For me, the point in this is not to assess blame for modern presidentialism. I have two objectives that guide my historical work. First, I’m trying to accurately describe ideas and constitutional politics to help people understand the institutional developments that are the real focus of my work. Second, I’m trying to set up broader lessons about the nature of power. Having distinguished between Progressivism and presidentialism, we might ask some really nuanced questions about how the two are related. For my money, power doesn’t stand still. Having created their legally bounded presidency, the Progressives may have established the sociological foundation that made presidentialism sellable to the American people. Again, the point here isn’t about blame. I genuinely think it’s bizarre to ask whether the generation that no real conception of modern presidential power is responsible for presidentialism. It’s more interesting to ask about the nature of power in the American system of government. To get to those interesting questions, we need to turn off the part of our brains that looks to history in a blame-shifting function.
I’m saying all of this because legal academics are participants in the construction of narrative and authority. You don’t have to be Jack Balkin or Reva Segal to understand that the legal profession generates authority through the construction and deployment of a shared past. This past helps us understand our inheritance and to make claims on the future. When the conservative legal movement advanced an understanding of the Progressive Era that emphasized its connection to lawless proto authoritarianism, its participants were demonizing aspects of modern administrative governance. Sometimes their opponents in the American legal profession have explicitly offered counter narratives to realize their own aims.
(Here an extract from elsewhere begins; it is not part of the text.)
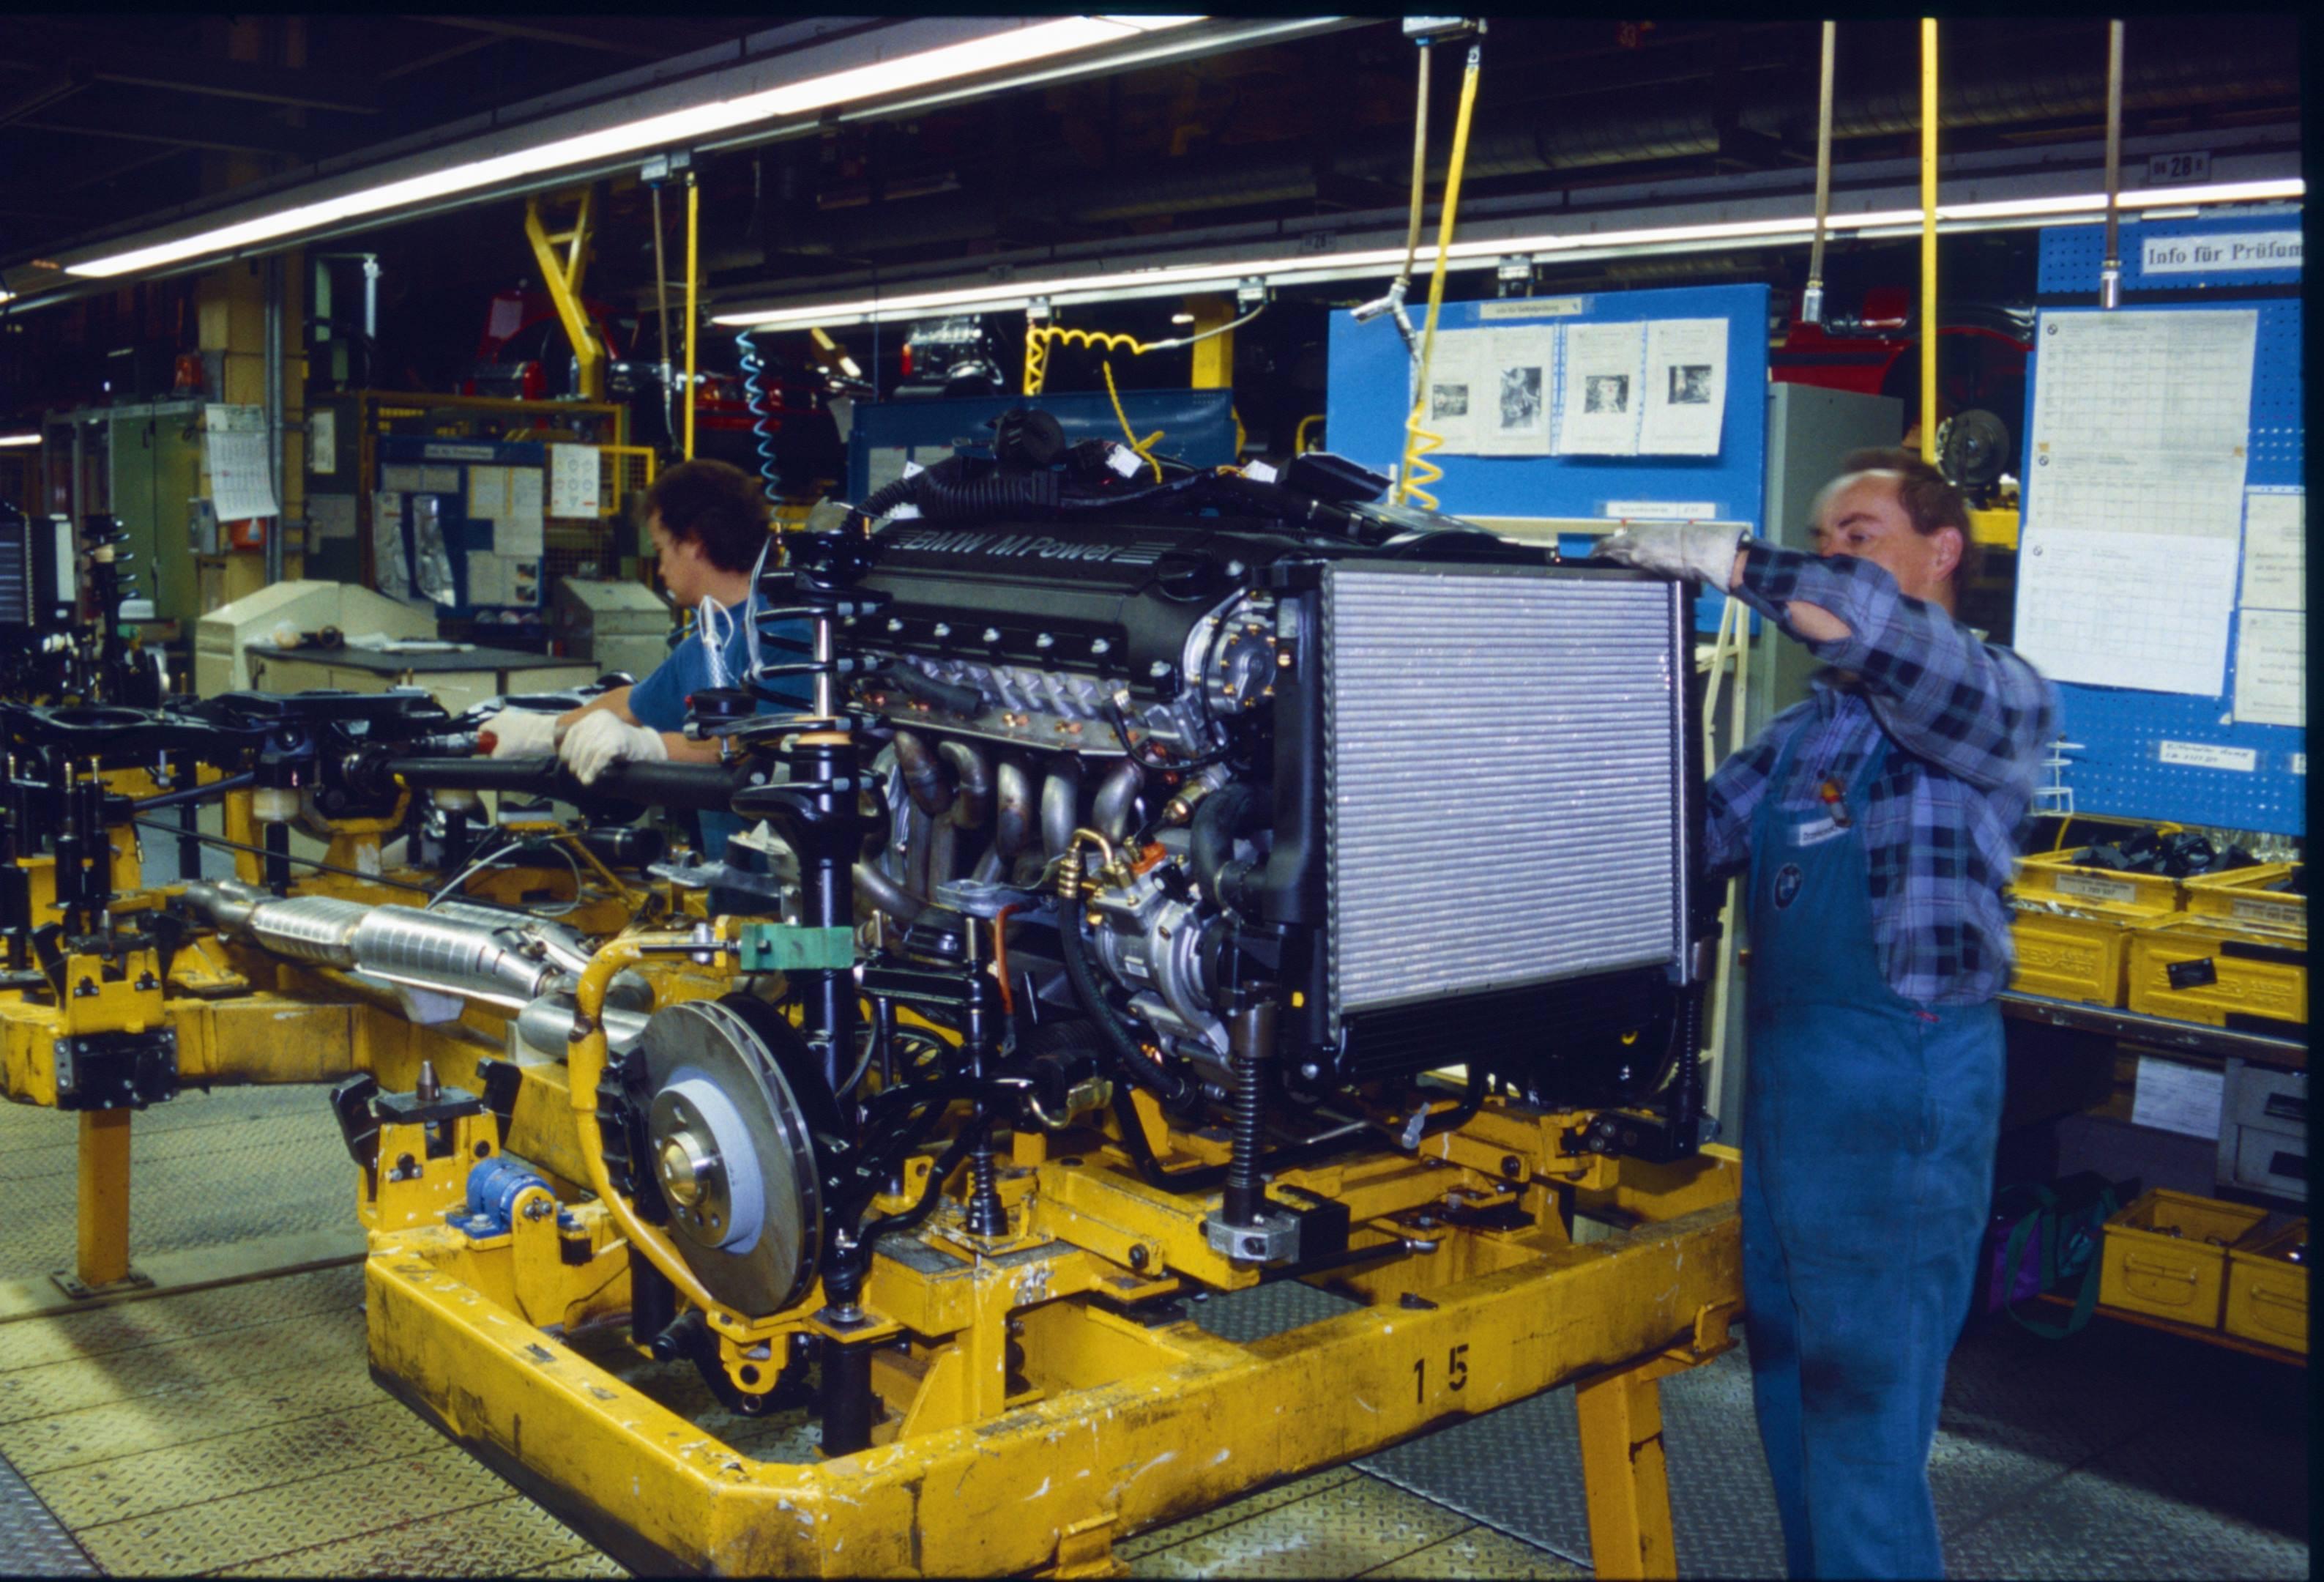 BMW E36 M3 engine production

My own struggle is accepting that anyone who enters the ring of legal history, myself included, is inextricably brought into the morass of never-ending memory games. In my head, I’m doing something meta, up at one level of abstraction. I’m more interested in studying the memory game itself than being a participant. That’s the instinct that animated my work on Resurrecting the Trinity and it’s what is guiding my new draft article on executive removal.
This post is just a peek inside my head. I hope you all get a chance to read my Trinity piece. It is long, but the length reflects the many years of work I put into the project.